→ Task item:
Please print the entries below exactly, from the line with "55116 Neuwertiger Atearn" through the line with "FFK - Sarpsborg 08 - NM Cup, stadion", including both of those lines and leaving out all others.

→ Excerpted records:
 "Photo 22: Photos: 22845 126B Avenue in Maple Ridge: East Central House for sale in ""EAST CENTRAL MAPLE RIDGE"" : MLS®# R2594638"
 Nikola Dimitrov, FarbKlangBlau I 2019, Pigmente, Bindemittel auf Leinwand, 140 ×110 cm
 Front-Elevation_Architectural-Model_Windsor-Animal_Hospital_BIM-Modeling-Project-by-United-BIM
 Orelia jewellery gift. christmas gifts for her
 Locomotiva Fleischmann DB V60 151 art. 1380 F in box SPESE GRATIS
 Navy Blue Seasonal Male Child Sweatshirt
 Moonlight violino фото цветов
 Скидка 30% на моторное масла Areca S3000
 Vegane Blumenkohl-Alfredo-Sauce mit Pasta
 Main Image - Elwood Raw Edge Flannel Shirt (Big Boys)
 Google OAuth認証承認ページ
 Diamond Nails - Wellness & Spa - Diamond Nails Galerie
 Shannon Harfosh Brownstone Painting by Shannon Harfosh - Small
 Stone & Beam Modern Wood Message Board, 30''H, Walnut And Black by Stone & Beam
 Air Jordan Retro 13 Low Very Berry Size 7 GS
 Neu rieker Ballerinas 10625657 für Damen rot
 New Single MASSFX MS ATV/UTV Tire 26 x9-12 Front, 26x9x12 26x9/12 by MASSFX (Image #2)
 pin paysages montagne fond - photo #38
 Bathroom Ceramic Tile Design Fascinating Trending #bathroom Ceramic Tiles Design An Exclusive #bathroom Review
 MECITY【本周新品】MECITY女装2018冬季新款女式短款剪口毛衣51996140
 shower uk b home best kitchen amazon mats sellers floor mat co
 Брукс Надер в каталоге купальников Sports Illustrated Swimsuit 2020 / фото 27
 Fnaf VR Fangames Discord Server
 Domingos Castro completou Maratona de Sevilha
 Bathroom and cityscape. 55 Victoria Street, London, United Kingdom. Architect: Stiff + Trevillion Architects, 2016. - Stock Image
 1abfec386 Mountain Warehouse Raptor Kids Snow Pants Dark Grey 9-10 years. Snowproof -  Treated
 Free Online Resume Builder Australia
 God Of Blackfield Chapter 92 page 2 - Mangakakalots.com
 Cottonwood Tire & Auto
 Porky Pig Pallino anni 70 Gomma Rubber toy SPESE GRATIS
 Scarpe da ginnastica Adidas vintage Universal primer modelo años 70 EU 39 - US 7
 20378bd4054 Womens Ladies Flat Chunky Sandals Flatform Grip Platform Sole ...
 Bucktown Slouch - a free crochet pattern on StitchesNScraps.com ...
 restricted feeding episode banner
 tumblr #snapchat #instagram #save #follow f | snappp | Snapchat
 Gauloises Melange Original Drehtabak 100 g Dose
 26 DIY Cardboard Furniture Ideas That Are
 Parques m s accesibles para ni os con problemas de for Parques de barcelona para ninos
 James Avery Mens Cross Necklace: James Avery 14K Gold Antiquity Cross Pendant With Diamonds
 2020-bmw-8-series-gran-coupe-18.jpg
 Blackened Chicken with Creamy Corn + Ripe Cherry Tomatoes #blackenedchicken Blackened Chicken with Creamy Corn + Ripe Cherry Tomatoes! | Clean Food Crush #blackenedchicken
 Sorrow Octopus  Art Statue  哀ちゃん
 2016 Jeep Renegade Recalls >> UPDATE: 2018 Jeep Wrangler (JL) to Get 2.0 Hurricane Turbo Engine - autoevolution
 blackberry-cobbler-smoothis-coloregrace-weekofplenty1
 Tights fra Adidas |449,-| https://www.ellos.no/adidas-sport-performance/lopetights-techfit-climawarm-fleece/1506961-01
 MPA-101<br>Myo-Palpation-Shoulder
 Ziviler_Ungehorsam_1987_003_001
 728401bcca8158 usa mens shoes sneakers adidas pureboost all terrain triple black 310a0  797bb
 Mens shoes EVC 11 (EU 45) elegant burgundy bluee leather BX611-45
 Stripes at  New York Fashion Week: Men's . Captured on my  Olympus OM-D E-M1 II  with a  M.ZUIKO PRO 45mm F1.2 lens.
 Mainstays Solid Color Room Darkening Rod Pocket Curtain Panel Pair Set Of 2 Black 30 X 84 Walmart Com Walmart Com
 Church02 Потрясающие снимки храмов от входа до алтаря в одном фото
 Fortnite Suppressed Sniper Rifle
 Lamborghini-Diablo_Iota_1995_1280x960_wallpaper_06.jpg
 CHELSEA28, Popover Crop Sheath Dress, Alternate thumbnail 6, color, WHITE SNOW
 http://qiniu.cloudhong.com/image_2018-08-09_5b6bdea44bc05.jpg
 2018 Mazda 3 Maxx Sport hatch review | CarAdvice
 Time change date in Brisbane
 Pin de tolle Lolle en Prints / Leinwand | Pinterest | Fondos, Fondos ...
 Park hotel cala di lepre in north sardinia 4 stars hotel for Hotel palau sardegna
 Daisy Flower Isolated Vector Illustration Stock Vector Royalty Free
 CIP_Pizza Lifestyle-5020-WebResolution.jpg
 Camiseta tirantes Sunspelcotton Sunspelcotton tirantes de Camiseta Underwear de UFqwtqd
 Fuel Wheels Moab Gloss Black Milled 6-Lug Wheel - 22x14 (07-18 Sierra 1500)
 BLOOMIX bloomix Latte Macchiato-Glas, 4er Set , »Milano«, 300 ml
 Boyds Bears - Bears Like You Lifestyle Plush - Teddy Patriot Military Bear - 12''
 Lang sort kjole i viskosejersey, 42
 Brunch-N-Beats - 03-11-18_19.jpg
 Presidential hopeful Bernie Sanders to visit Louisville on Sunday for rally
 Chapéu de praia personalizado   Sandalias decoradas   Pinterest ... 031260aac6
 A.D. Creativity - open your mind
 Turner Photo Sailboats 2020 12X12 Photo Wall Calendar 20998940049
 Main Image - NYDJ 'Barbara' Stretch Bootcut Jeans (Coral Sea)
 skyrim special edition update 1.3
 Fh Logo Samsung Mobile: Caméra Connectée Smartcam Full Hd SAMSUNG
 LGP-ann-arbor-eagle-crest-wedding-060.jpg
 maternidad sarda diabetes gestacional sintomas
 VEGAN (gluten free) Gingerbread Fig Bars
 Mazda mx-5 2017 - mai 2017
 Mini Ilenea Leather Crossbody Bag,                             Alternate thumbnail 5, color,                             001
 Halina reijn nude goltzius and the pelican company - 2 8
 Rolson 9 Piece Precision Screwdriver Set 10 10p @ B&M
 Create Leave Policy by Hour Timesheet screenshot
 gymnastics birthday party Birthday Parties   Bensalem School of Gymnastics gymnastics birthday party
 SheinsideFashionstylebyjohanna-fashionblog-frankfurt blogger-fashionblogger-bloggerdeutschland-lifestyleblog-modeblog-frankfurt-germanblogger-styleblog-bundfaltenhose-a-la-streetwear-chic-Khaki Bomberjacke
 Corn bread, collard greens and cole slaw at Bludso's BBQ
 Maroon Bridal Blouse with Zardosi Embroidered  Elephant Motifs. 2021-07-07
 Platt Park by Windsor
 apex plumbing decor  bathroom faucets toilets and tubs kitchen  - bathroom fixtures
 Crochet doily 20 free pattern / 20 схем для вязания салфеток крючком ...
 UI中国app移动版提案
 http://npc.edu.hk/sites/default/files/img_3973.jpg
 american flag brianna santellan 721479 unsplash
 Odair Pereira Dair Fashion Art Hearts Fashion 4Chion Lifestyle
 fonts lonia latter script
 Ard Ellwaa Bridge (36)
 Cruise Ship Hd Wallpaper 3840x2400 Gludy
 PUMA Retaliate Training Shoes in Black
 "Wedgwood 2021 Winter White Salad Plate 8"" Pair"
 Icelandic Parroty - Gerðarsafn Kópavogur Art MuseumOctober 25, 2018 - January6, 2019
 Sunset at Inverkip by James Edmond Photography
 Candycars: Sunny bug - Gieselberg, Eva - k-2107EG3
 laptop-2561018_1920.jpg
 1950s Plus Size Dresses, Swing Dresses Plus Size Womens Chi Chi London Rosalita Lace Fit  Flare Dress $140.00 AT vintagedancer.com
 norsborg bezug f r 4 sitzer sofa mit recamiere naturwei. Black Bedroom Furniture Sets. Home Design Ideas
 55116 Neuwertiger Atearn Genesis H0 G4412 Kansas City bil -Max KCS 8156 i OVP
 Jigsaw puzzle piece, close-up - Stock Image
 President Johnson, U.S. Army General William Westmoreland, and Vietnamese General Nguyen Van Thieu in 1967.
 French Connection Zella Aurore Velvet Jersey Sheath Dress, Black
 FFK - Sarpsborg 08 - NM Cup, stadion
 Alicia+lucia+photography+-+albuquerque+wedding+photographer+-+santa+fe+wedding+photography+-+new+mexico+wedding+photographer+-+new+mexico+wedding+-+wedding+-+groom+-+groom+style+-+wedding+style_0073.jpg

→ Exercise answer:
 55116 Neuwertiger Atearn Genesis H0 G4412 Kansas City bil -Max KCS 8156 i OVP
 Jigsaw puzzle piece, close-up - Stock Image
 President Johnson, U.S. Army General William Westmoreland, and Vietnamese General Nguyen Van Thieu in 1967.
 French Connection Zella Aurore Velvet Jersey Sheath Dress, Black
 FFK - Sarpsborg 08 - NM Cup, stadion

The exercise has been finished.